Hendrik Boom <hendrik@topoi.pooq.com> writes:

> On Sat, May 20, 2023 at 01:06:12PM +0100, RL wrote:
>> James Addison <jay@jp-hosting.net> writes:
>> 
>> > (someone who knows more may correct me, but I think it would be great to have
>> > the package available for install using apt in addition to the website)
>> 
>> Interesting idea, but who would use it - won't a release-notes package
>> always be a whole release out of date?
>
> It would mean that the realease-notes package on your system
> would always match the release on your system.

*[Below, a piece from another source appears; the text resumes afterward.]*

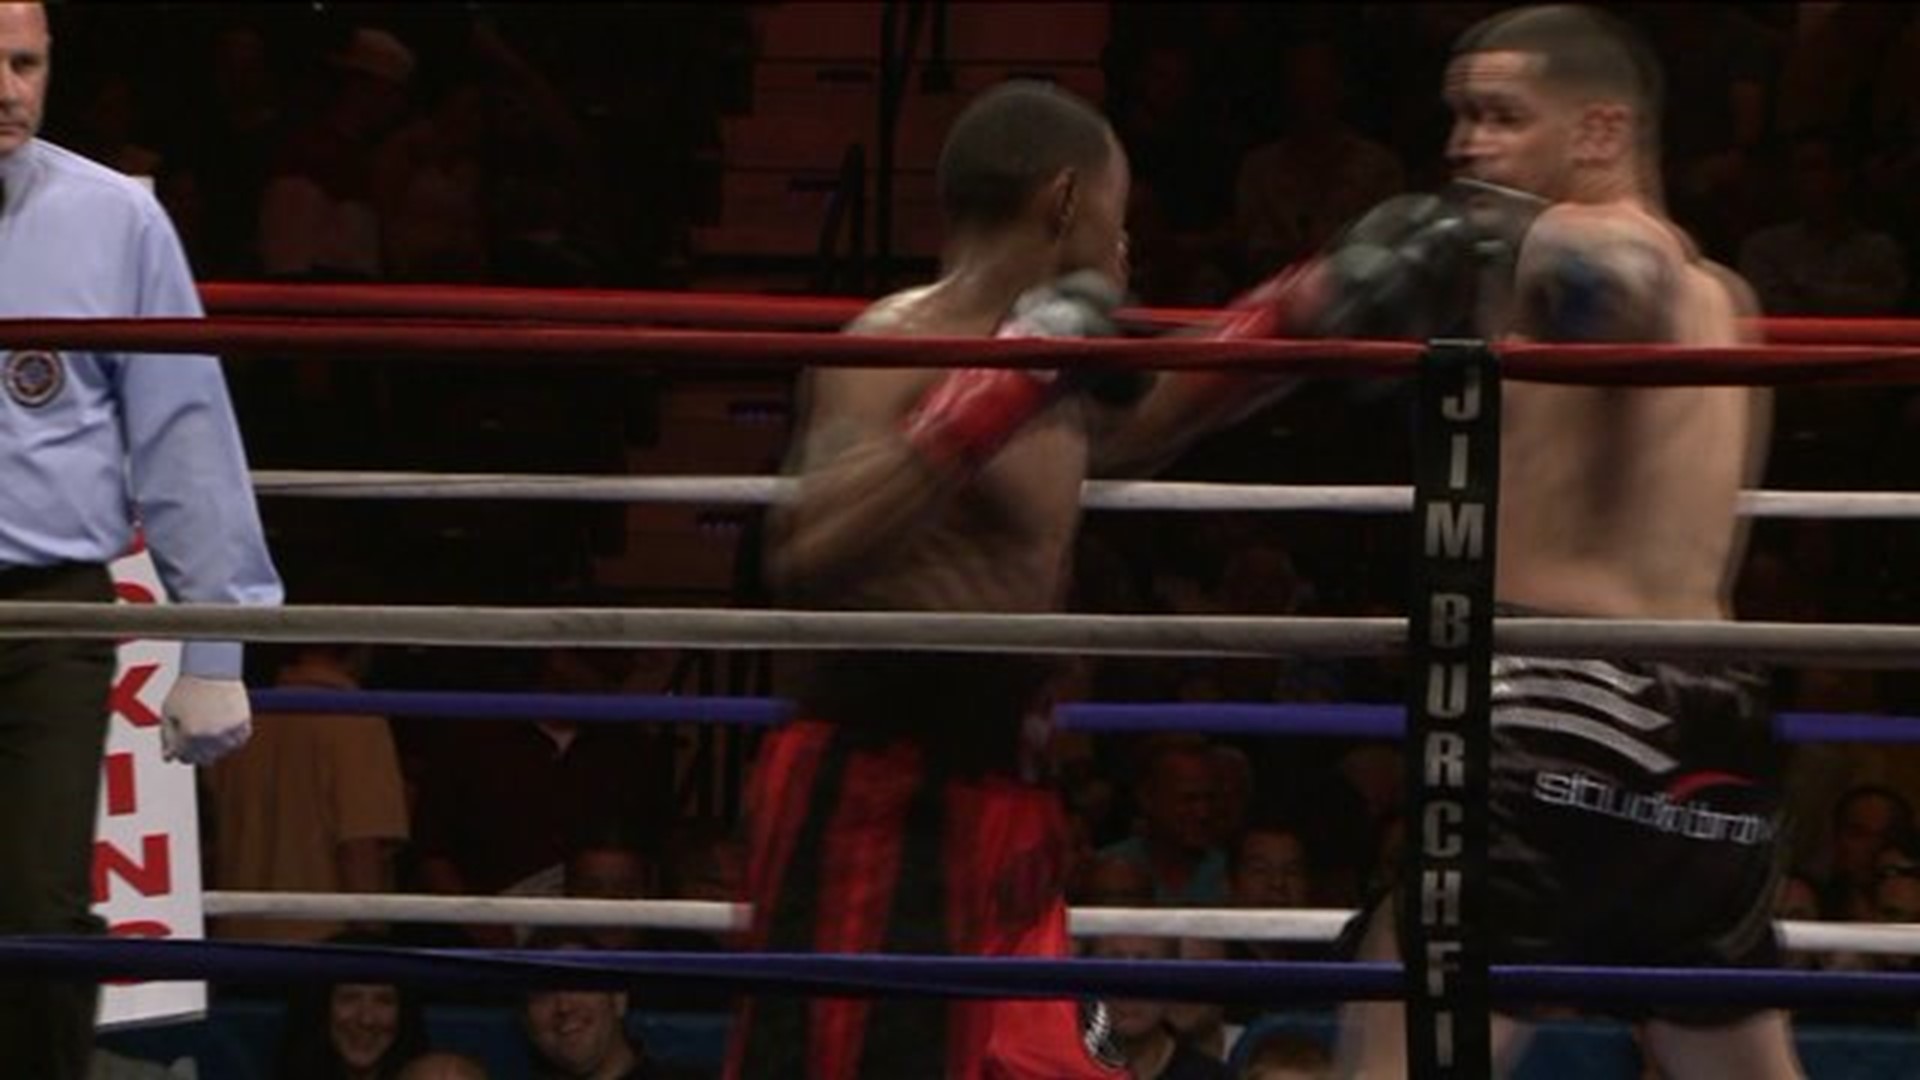 Connecticut boxer set to add win to his record

Can i ask why that is beneficial: how it would make your life better? i
know you are not saying the website version is going away, but i'm
afraid i don't understand the use-case for a packaged version. Maybe i
am missing out on something.

For me, the value of release-notes is to know what things need to be
thought about as part of the upgrade. Especially things that need to
happen before the dist-upgrade, such as 'do not upgrade an i386 system
unless it is really i586', or 'this package is going away': sometimes, i
wouldnt start the upgrade until i knew what was replacing removed
packages with (see the current warning about gnome and orca for
example).

I also wonder how practical it is to achieve. At the moment, bookworm is
frozen, and release-notes are work-in-progress - there are still open
bugs with draft text and open merge-requests.  Is it realistic for
everything in release-notes to be finished (including translations) and
for someone to upload a package ensure it makes it into bookworm debian
during the full freeze before the release happens?

I suppose you envision bookworm releasing with a best-efforts version,
and re-uploading as part of point releases?

If it is a package, shouldnt it be available in man/roff format so it is
always readable from a text console?